Explanation / Answer

Our null hypothesis is average number of mosquitoes that flew towards the participants of beer group is same that of water group.

2) As the two sample is independent we will do a independent sample t-test for equality of means. But indepedent sample sample t-test assumes that the standard deviation of the two population from which the sample is taken are same. To do that we will conduct a test of equality of variance for the two sample based on F-test. We will do it in R.

Codes to do in R:

beer <- c(4,10,11,14,12) # taking the beer group in one vector
water <- c(28,23,26,18,27,25) # taking the water group in another vector

eq_sd<-var.test(beer,water, ratio = 1,
alternative = c("two.sided", "less", "greater"),
conf.level = 0.95)

eq_sd

Result :

F test to compare two variances

data: beer and water
F = 1.084, num df = 4, denom df = 5, p-value = 0.9073
alternative hypothesis: true ratio of variances is not equal to 1
95 percent confidence interval:
0.1467226 10.1508004
sample estimates:
ratio of variances
1.083969

From the result as the p-value is greater than 0.05 so we will accept the null hypothesis to conclude that the standard deviation of the two population is equal.

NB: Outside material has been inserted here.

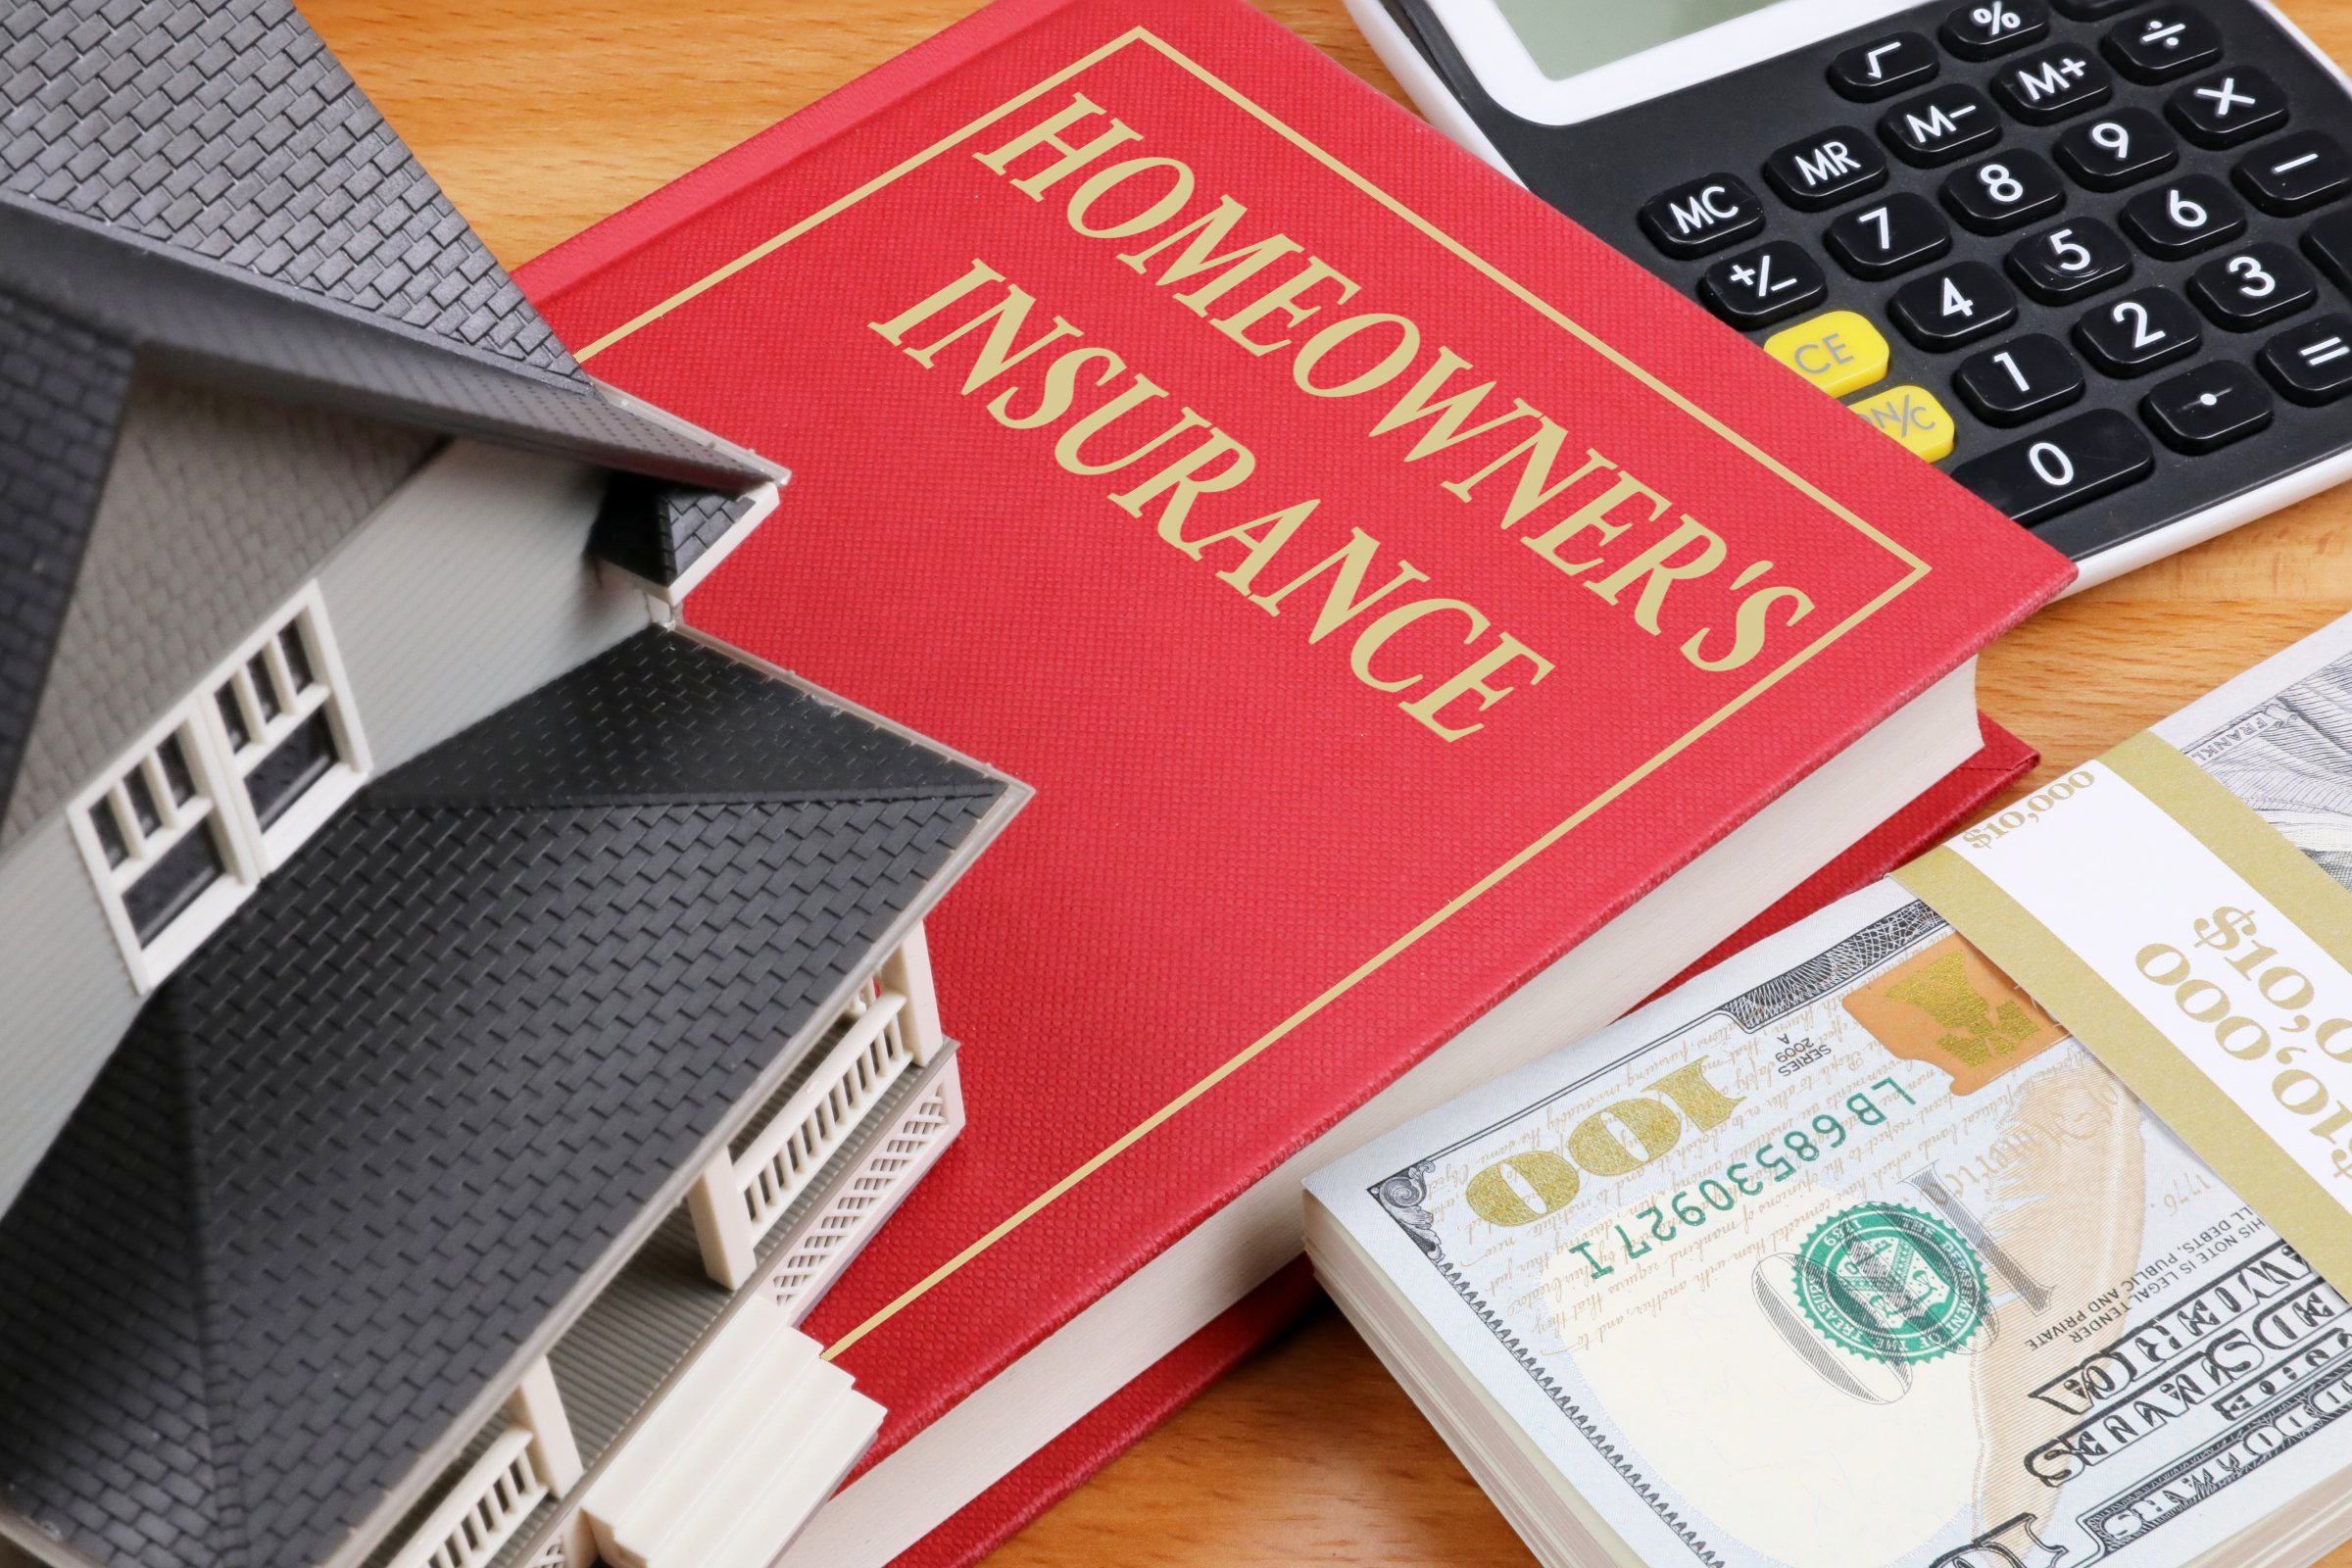 homeowners insurance
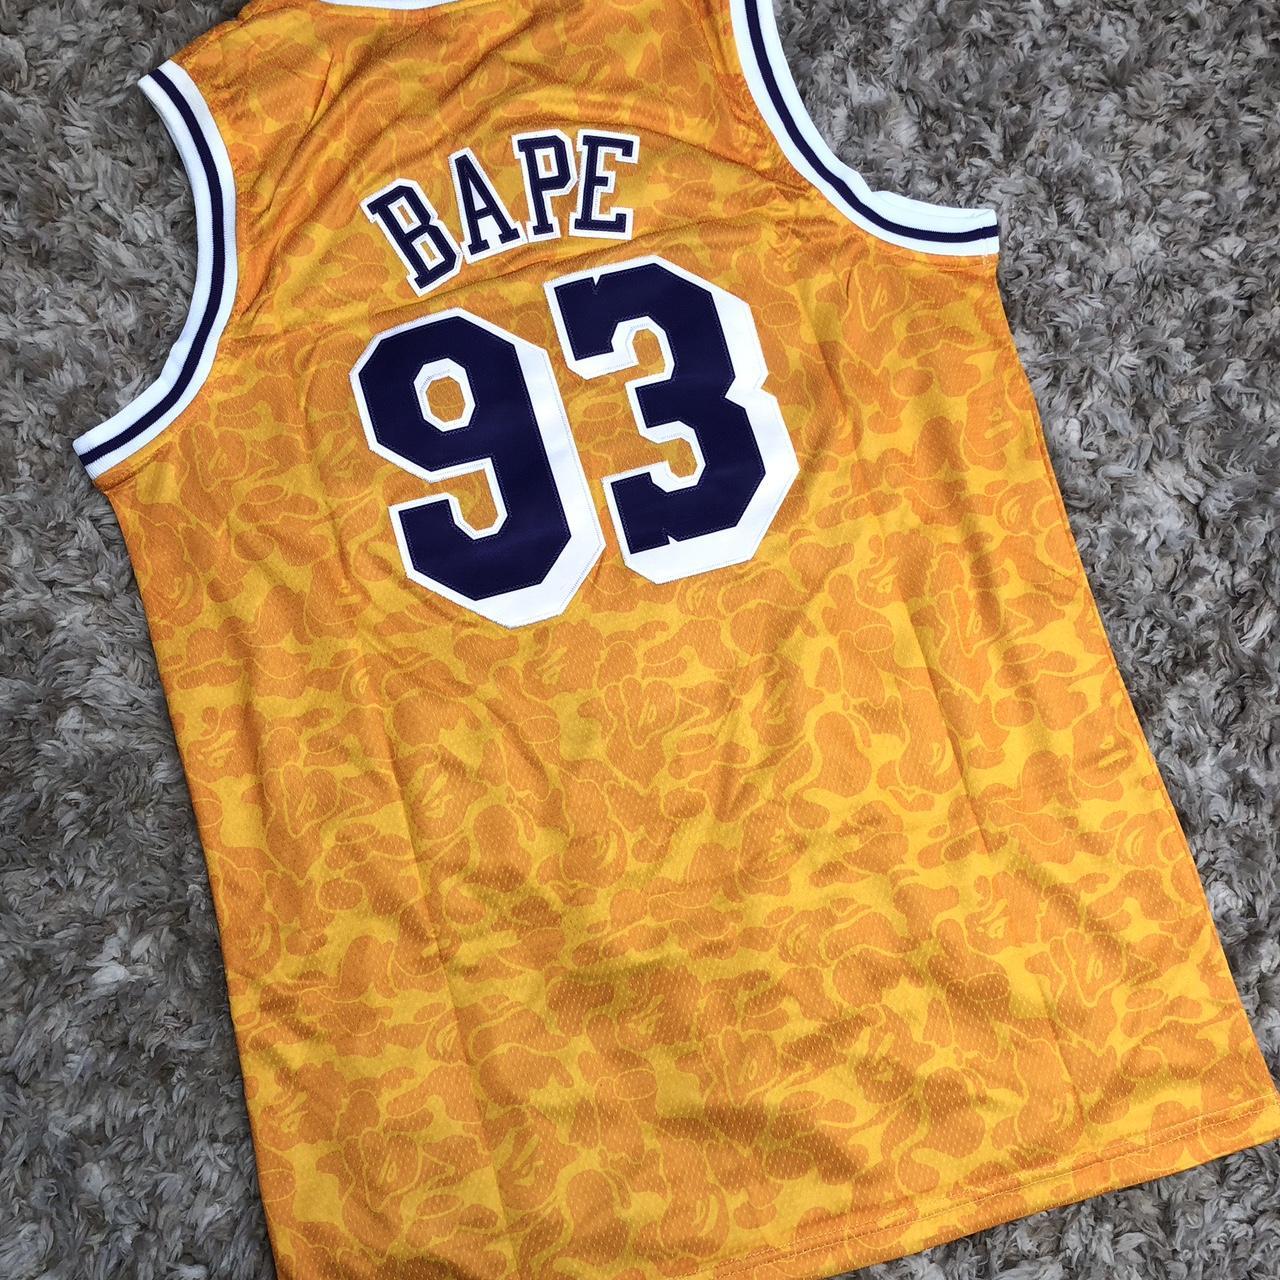 Bape x LAKERS NBA Jersey  Bape shirt, Bape, Nba jersey

3) Saphiro-Wilk test can be done to check whether the data is normally distributed or not.

1) Codes to conduct independent sample t-test

ttest<-t.test(beer,water,var.equal=TRUE) # as in 2) we tested that the variance of the two sample is equal.
ttest

Result:


Two Sample t-test

data: beer and water
t = -6.4063, df = 9, p-value = 0.0001243
alternative hypothesis: true difference in means is not equal to 0
95 percent confidence interval:
-19.349524 -9.250476
sample estimates:
mean of x mean of y
10.2 24.5

test statistic : -6.4063

p-value : 0.0001243

Conclusion :

As the p-value of the test is much less than 0.05 we will fail to accept the null hypothesis to conclude that the average number of mosquitoes that flew towards the participants of beer group is different from that of water group.